Но Лидочка, узнав об утренней находке сводного отряда, ринулась в подушку и в течение часа отдавала дань обычному человеческому предрассудку: страдать во время неприятностей и мучиться от катастроф. Я пришел в ее комнату и застал там целую компанию утешителей: Екатерину Григорьевну, Буцая и Силантия. Силантий настойчиво улыбался и говорил:

– Здесь это, ничего такого. Девки это привыкли считать, как говорится, тронули ее, видишь. Ну, так как же: для того же и сделано, а беды, здесь это, никакой нету. Видишь, какая история… А человек он, как говорится, поганый, это верно. Так и для меня ж поганый, может, еще и хуже, здесь это, я ж не реву, и больше никаких данных. Уедет пускай, и вся тебе история.

Лидочка сидела на кровати, у нее распухли глаза и нос и спустился один чулок на незашнурованный ботинок, – все признаки человека, вкусившего жизнь с горького ее конца. Я сказал:

– Силантий говорит правду. А впрочем, как хотите. Я приказал выпроводить Чарского из колонии, но если он вам нужен, можно оставить.

Лидочка заплакала громко и снова повалилась на подушку, но вдруг поднялась и сказала:

– Выгоните его, сейчас же выгоните, гадость какая!

Дежурный командир Ступицын доложил мне, что приказание исполнено:

– Он не хотел, так хлопцы вынесли его вещи, ну, так он тогда добровольно сел в бричку… А только теперь вернулся: у него денег нету на билет.

– Где он?

– Возле кабинета.

Чарский встретил меня в кабинете официальной угрожающей вежливостью:

– Я решил не вступать в драку с вашими воспитанниками, но имею к вам просьбу: у меня нет денег на дорогу.

– Вы же полностью получили жалованье.

– Может быть, вы не будете касаться деталей моего бюджета?

– Давайте не касаться: прекратим разговор о деньгах.

– Но я вам заявляю, что у меня нет денег на дорогу.

– Значит, этой детали касаться можно?

– Я вас прошу не мутить со мной.

– Я и не мучу: идите пешком.

– Вы меня не предупреждали об отъезде, значит, вы обязаны выдать мне на дорогу.

– Сколько стоит билет до Харькова?

– Я еду не в Харьков, а в Москву.

– Сколько стоит билет до Харькова?

– Шесть рублей тридцать семь копеек и плацкарта.

Я отсчитал шесть рублей тридцать семь копеек.

– А плацкарта? А есть мне что-нибудь нужно?

Чарский потерял уже свою официальность и говорил слезливо-обиженным тоном проходимца:

– Вы не имеете права обращаться так с командированными к вам работниками.

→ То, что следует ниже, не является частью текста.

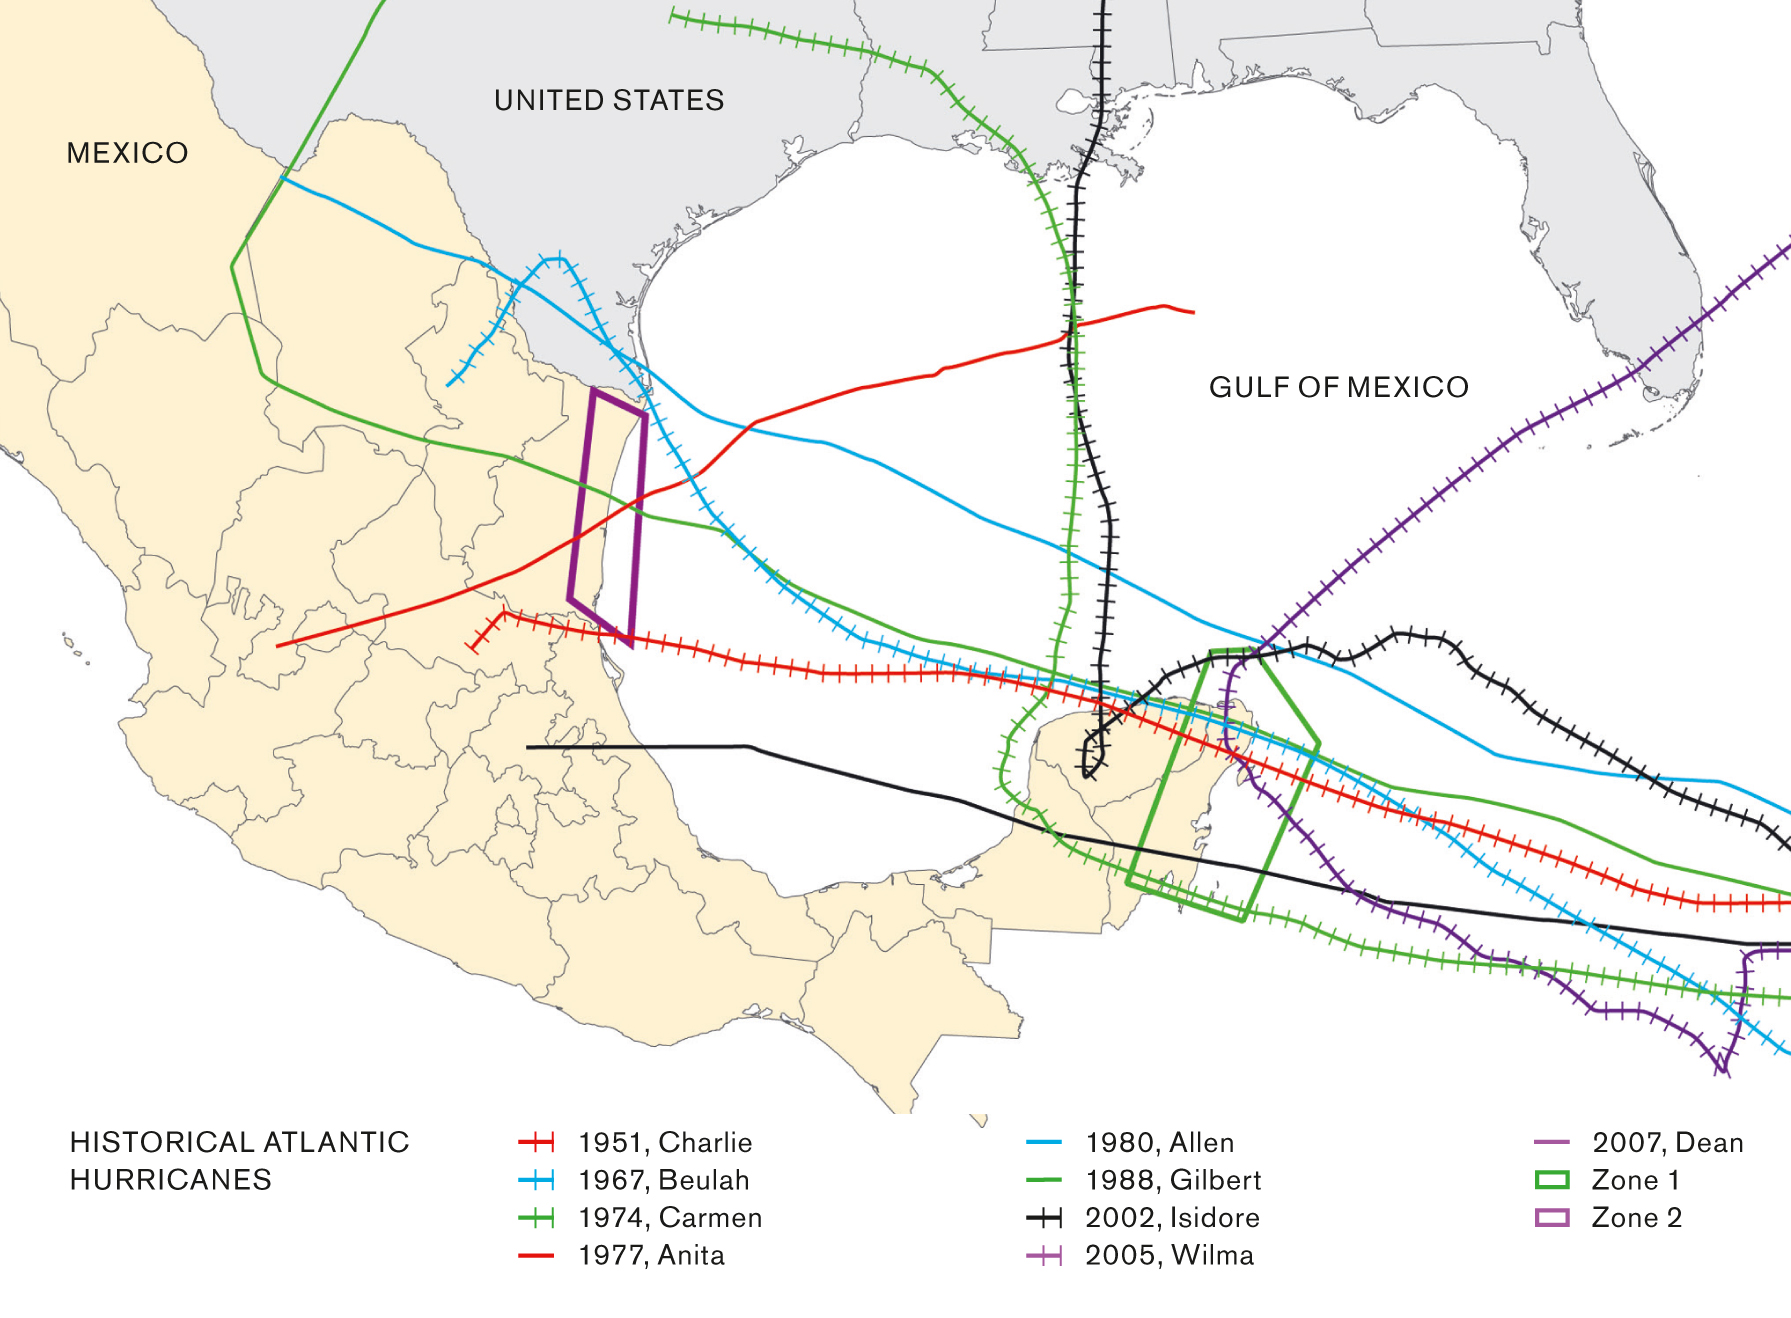 Image from risk appendix to the offering prospective for the MultiCat Mexico Ltd. cat bond,  series 2012-I. This $315-million issue has a double trigger structure, covering both hurricanes and earthquakes. The parametrics for the two kinds of natural disaster are different, but both make use of specific geographical “boxes” where a trigger event must occur. This graphic depicts the tracks of all of the historically recorded named storms to pass through the hurricane boxes. On the basis of the parametric model in the bond (which makes use of central pressure conditions in a given storm, as reported by NOAA), hurricanes Anita, Allen, Gilbert, and Dean would all have triggered a total loss for holders of MultiCat Mexico Ltd. bonds.

Вероятно, мой вид и вид окружающих нас колонистов был убедительнее многих слов, потому что Чарский замолчал, написал расписку, вздохнул уже совершенно неофициально и, жалкий и подавленный, взгромоздился на шарабан. Только когда шарабан тронулся, Чарский крикнул:

– Гражданин заведующий, мы скоро посчитаемся.

[14] Не пищать!

Лидочка несколько дней не выходила из комнаты, но в середине апреля приехали на весенний перерыв рабфаковцы, и наши неприятности немного притупились. Встречать гостей вышла Лидочка, до конца оплакавшая свою молодость, в которой оказался такой большой процент брака. У нее над бровями легла маленькая злая складочка, но она доверчиво-родственно улыбнулась мне и сказала:

– Простите все мои слова, Антон Семенович. Теперь я уже совсем ваша, – колонийская. Что хотите, то со мной и делайте.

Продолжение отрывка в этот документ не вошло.